Desde seu grotesco discurso de posse, atulhado de arroubos e bravatas ginasianas, já devia estar claro para todos que Bolsonaro nunca se viu na obrigação de medir suas palavras e gestos, adequando-os à sua condição de chefe de Estado. Ao contrário: a julgar pelo comportamento muitas vezes grosseiro e indecoroso de Bolsonaro, o presidente provavelmente se considera acima do cargo que ocupa, dispensado dos rituais e protocolos próprios de tão alta função. Até à disseminação de pornografia pelas redes sociais ele tem se dedicado, para estupefação nacional e internacional.

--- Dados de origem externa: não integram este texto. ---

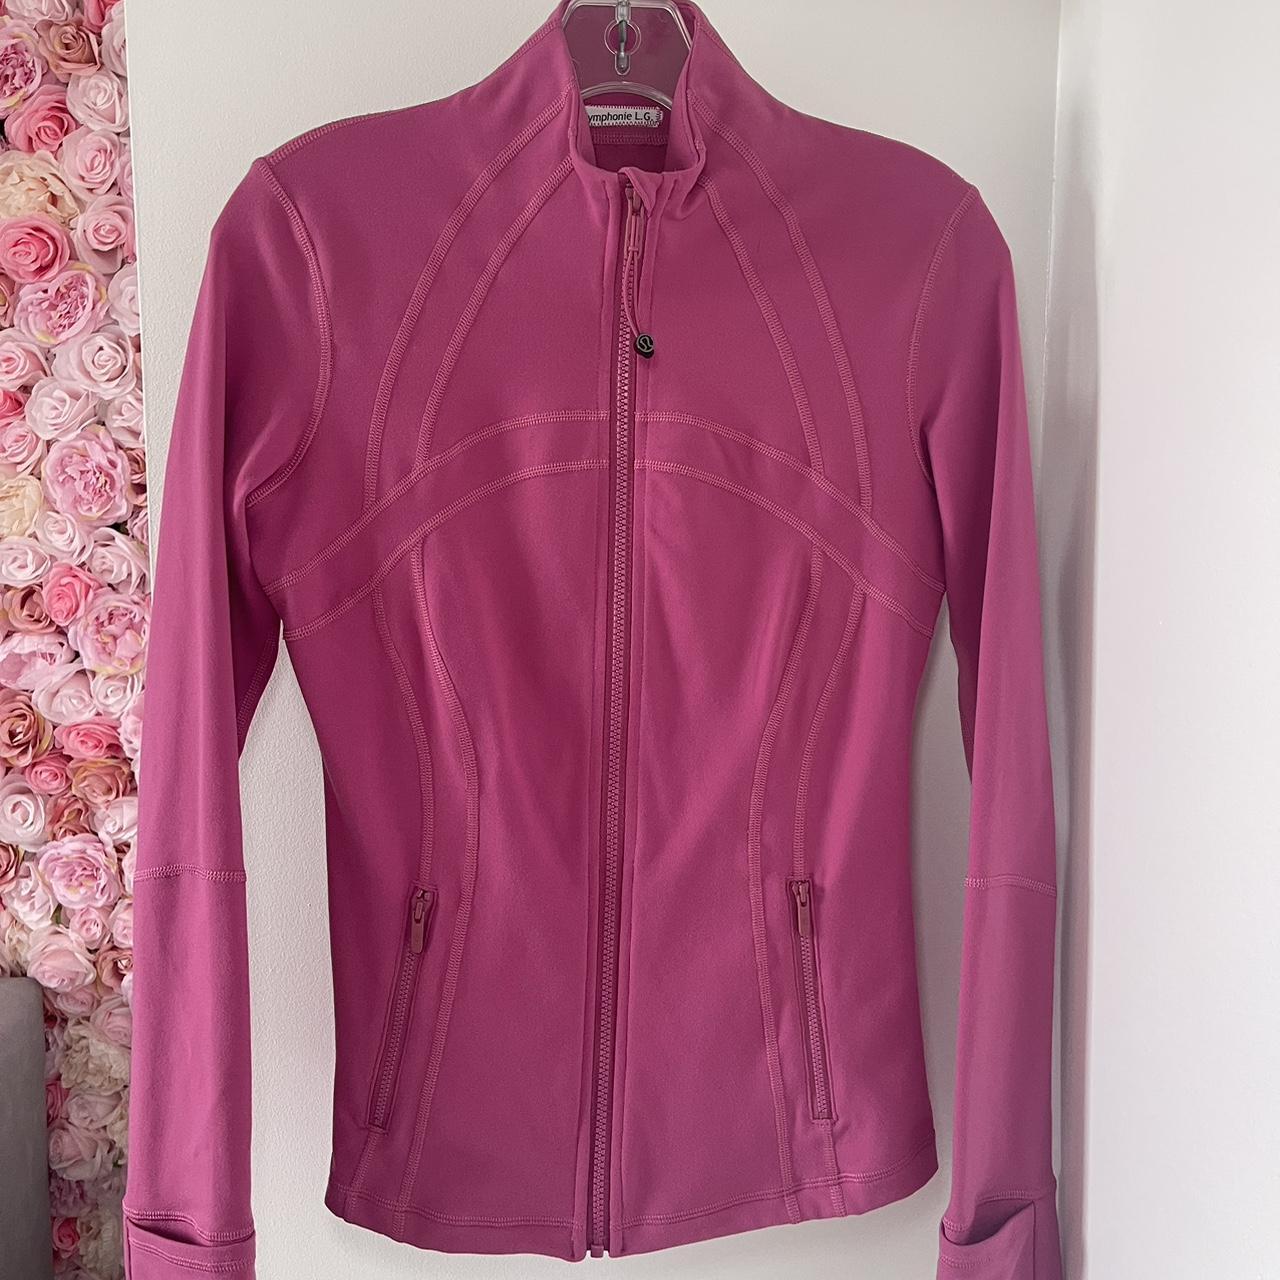 lululemon defined jacket nulu color: pink - Depop

Se estratégia há, é a de deixar o País apreensivo a cada novo tuíte ou discurso presidencial, pois nunca se sabe o que virá. Bolsonaro parece imaginar que foi eleito para dizer o que lhe vem à cabeça, sem se importar com os estragos – e seus assessores que se esforcem para tentar reduzir os prejuízos decorrentes de seus excessos.
Mas há casos em que nem mesmo o mais habilidoso ministro é capaz de remendar. Como explicar, por exemplo, o discurso de ontem do presidente, durante cerimônia no Corpo de Fuzileiros Navais do Rio, quando ele disse, com todas as letras, que “democracia e liberdade só existem quando as Forças Armadas assim o querem”? Será necessário um grande malabarismo retórico para não considerar esse discurso como explícita manifestação de um pensamento irremediavelmente autoritário, de quem acredita que a democracia é apenas um favor dos militares aos civis. Para o presidente da República – é o que se conclui –, a democracia e a liberdade seriam meramente circunstanciais, pois dependeriam não da força e da solidez das instituições democráticas e da honestidade de convicção dos homens que ele próprio chefia, e sim dos humores dos quartéis.

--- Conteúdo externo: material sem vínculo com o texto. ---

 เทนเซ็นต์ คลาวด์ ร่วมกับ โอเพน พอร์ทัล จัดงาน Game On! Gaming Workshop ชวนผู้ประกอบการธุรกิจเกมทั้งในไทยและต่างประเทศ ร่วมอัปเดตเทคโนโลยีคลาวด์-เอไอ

Vai mal um país cujo presidente claramente não entende qual é seu papel, especialmente quando não consegue dominar os pensamentos que, talvez, lhe venham à mente. Como chefe de Estado, Bolsonaro tem a obrigação de saber que todas e cada uma de suas palavras nortearão o debate político nacional, seja no Congresso, seja nas ruas, e terão consequências também no delicado campo da economia. O presidente deve ter consciência de que não é mais candidato, condição que lhe permitia incorporar o personagem histriônico e falastrão que seus fanáticos seguidores apelidaram de “mito”. Deve entender que sua retórica truculenta e polarizadora pode ter sido muito útil para viabilizar sua candidatura presidencial, mas é péssima para agregar apoio político para um governo que começa sem base visível no Congresso.
Antagonizar foliões do carnaval nas redes sociais, como fez Bolsonaro de forma imprópria e estouvada, divulgando um vídeo pornográfico a título de “expor a verdade”, provavelmente não agregará um único voto dos tantos necessários para aprovar no Congresso os projetos de real interesse do País. Nem mesmo alguns de seus mais sinceros apoiadores aprovaram a grosseria, razão pela qual os assessores presidenciais se viram na contingência de soltar uma nota oficial para tentar explicar o inexplicável, obviamente sem sucesso.
O bom senso sugere que não se deve esperar que Bolsonaro de repente compreenda seu papel e se transforme num estadista, capaz de, em poucas palavras, guiar as expectativas do País. Diante disso, a ala adulta do governo parece ter decidido trabalhar por conta própria, tentando reparar os danos da comunicação caótica e imprudente de Bolsonaro – desde os prejuízos econômicos causados pelo despropositado antagonismo público do presidente em relação à China e aos países árabes, até a dificuldade de arregimentar apoio a uma reforma da Previdência na qual Bolsonaro parece não acreditar. Pelo que se viu até aqui, todo o esforço que alguns de seus auxiliares estão fazendo para que o presidente desastrado não quebre toda a louça será inútil. Bolsonaro está ficando cada vez mais rápido e certeiro. Em Davos, precisou de seis minutos para mostrar sua incompetência administrativa. Com os fuzileiros navais, não precisou de mais de quatro minutos para revelar sua face autoritária e sua ignorância cívica.